DATA BLOCK:
◆ ◆ ◆ ◆

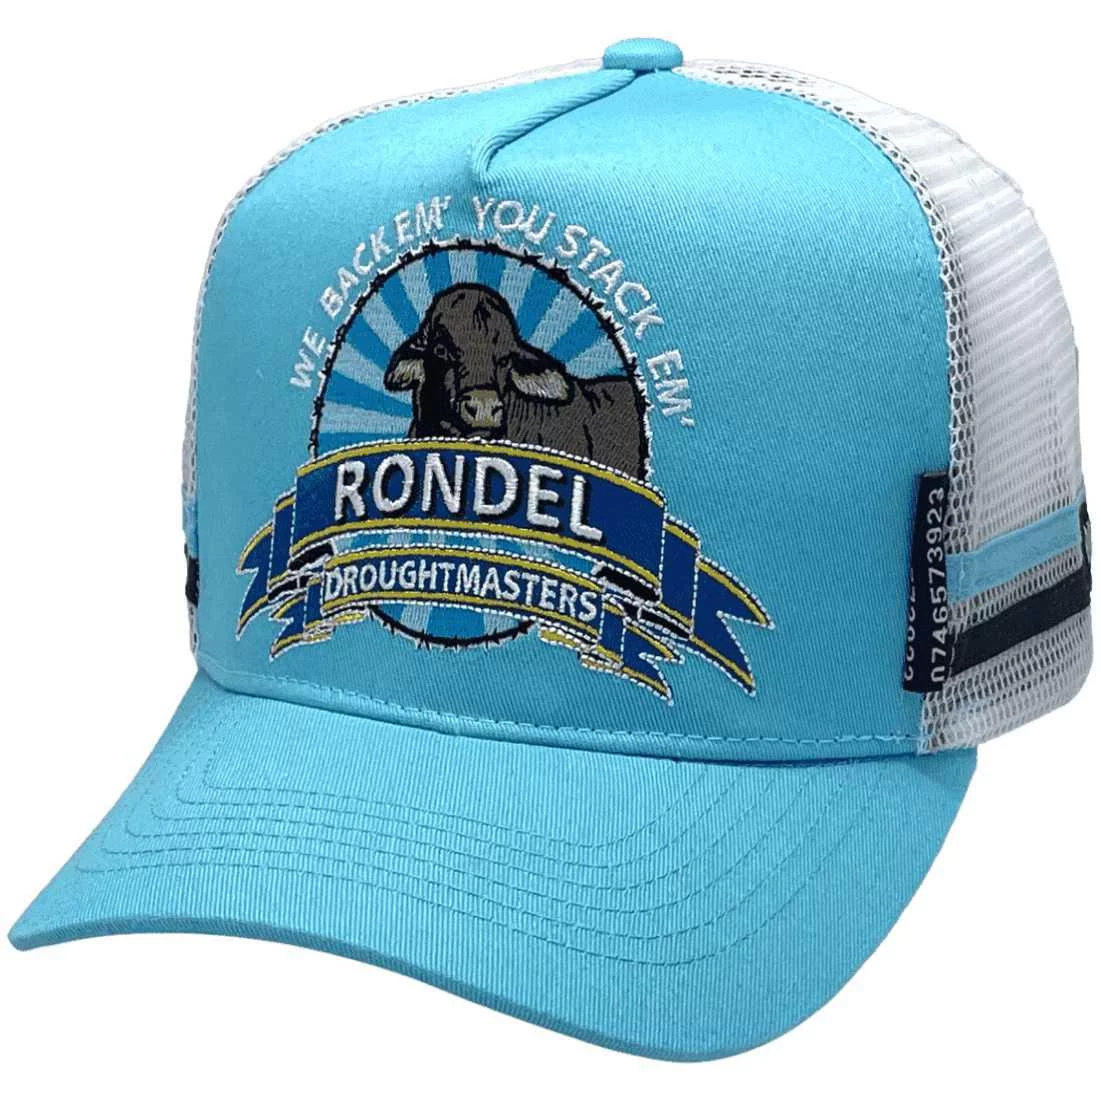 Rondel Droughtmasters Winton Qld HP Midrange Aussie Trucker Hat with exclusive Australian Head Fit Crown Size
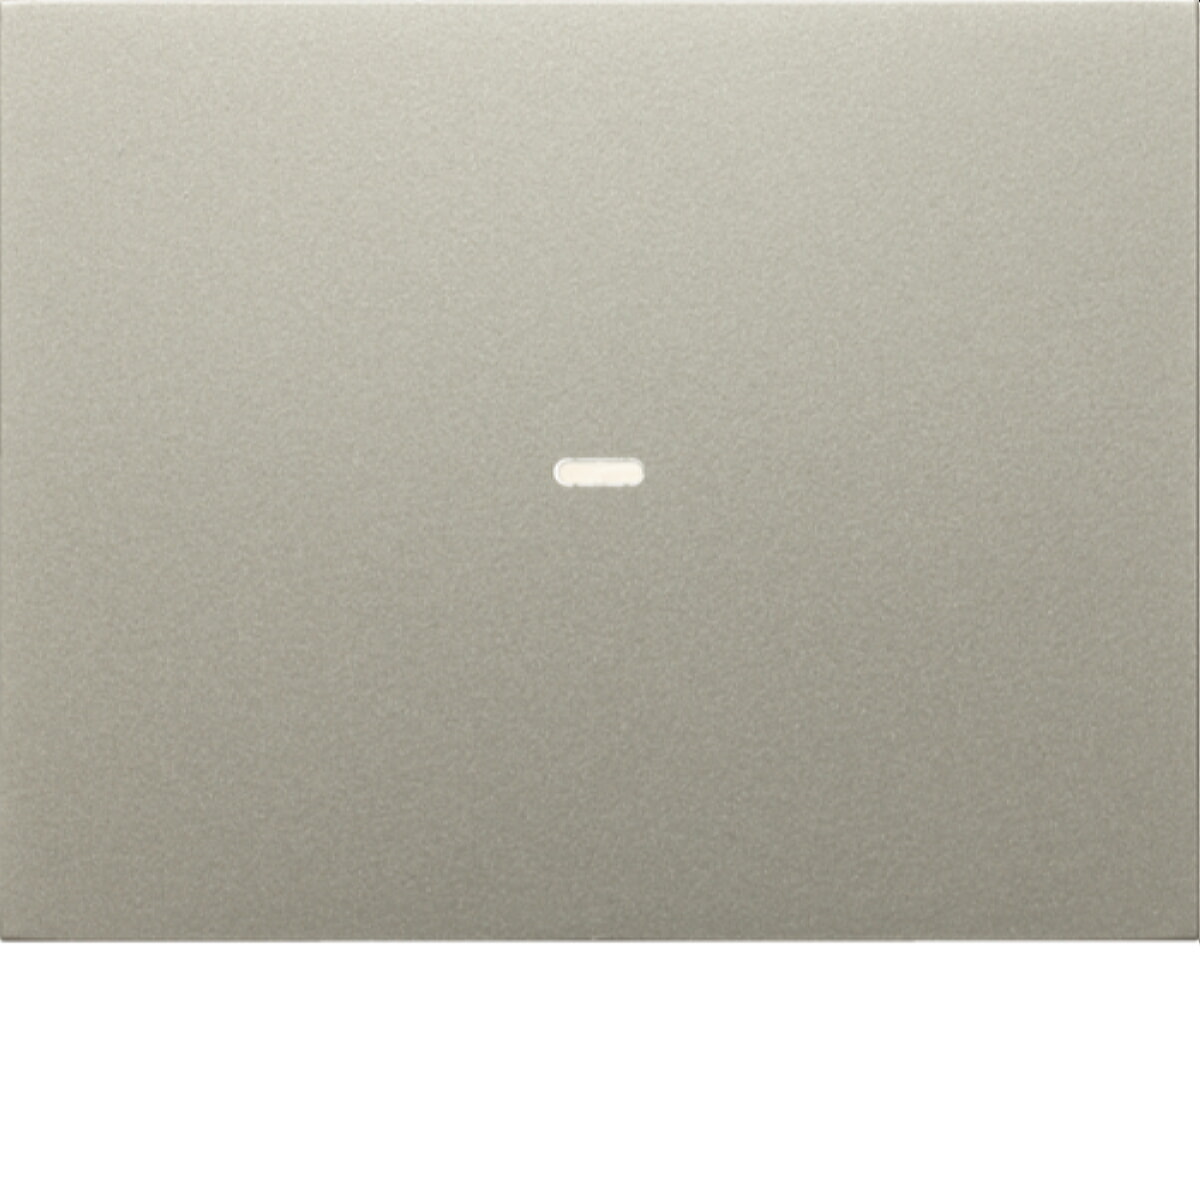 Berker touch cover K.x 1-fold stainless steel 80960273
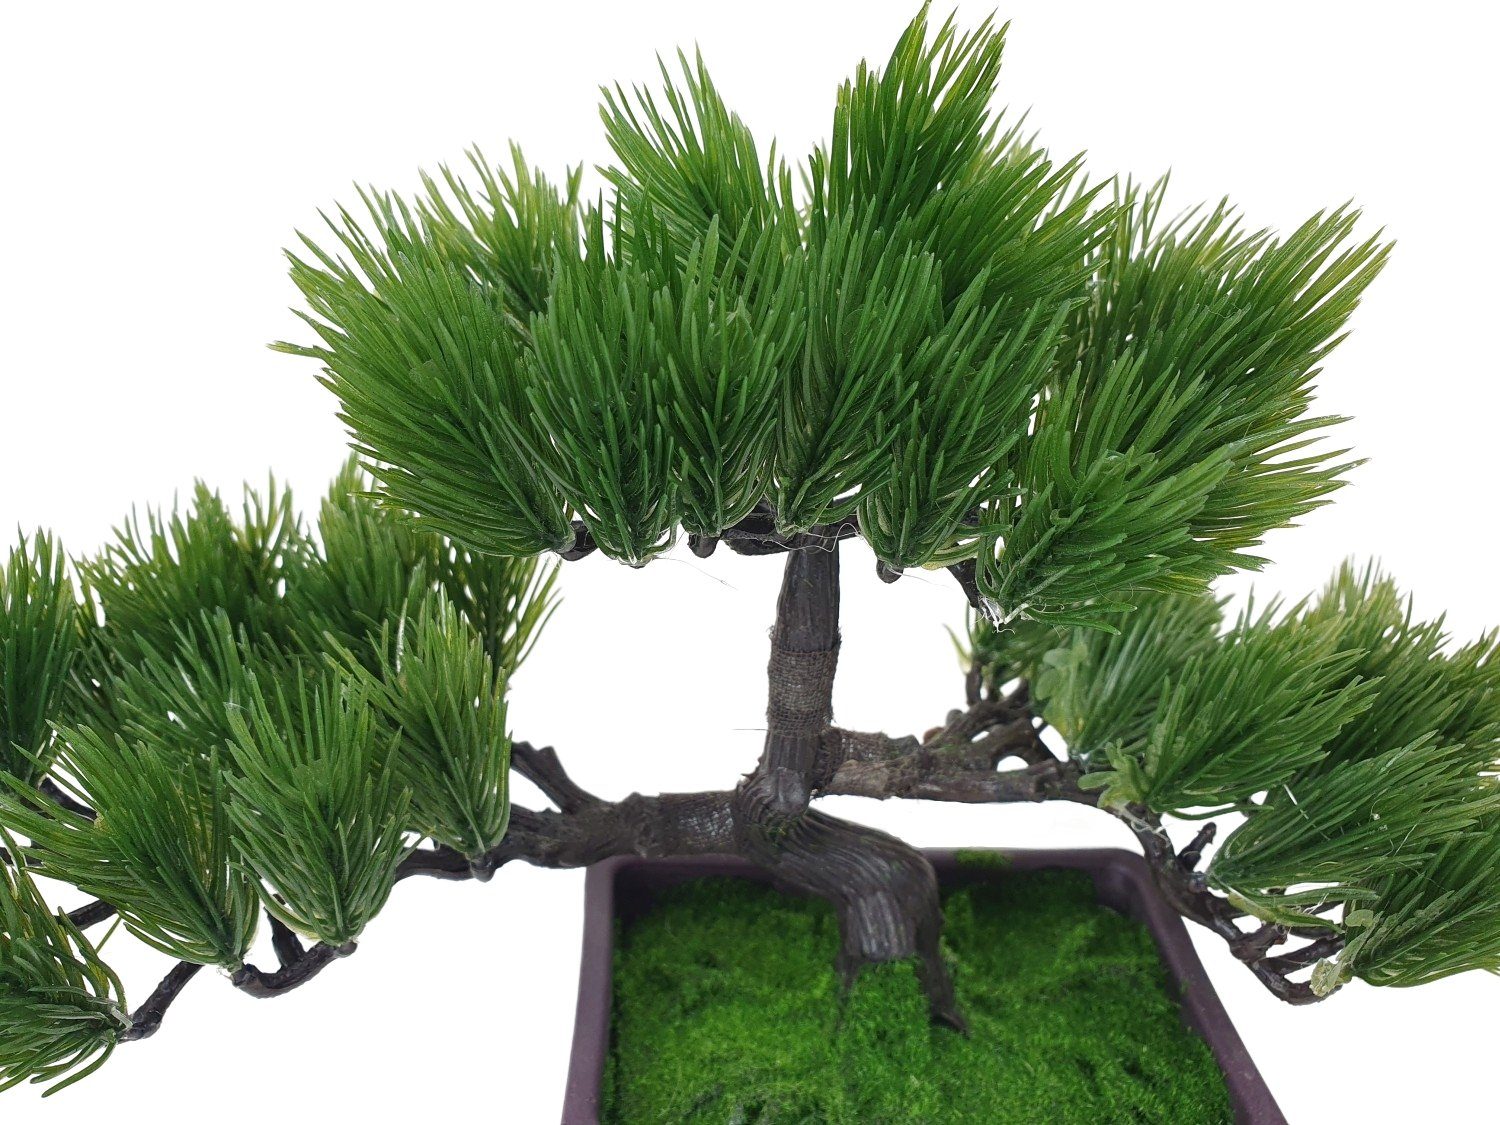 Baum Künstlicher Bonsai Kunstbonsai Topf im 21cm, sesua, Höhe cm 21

◆ ◆ ◆ ◆

EXERCISE DESCRIPTION:
Should there be pictures in the data, leave them out and return the rest exactly.

SOLUTION BELOW:
 Rondel Droughtmasters Winton Qld HP Midrange Aussie Trucker Hat with exclusive Australian Head Fit Crown Size
 Berker touch cover K.x 1-fold stainless steel 80960273
 Baum Künstlicher Bonsai Kunstbonsai Topf im 21cm, sesua, Höhe cm 21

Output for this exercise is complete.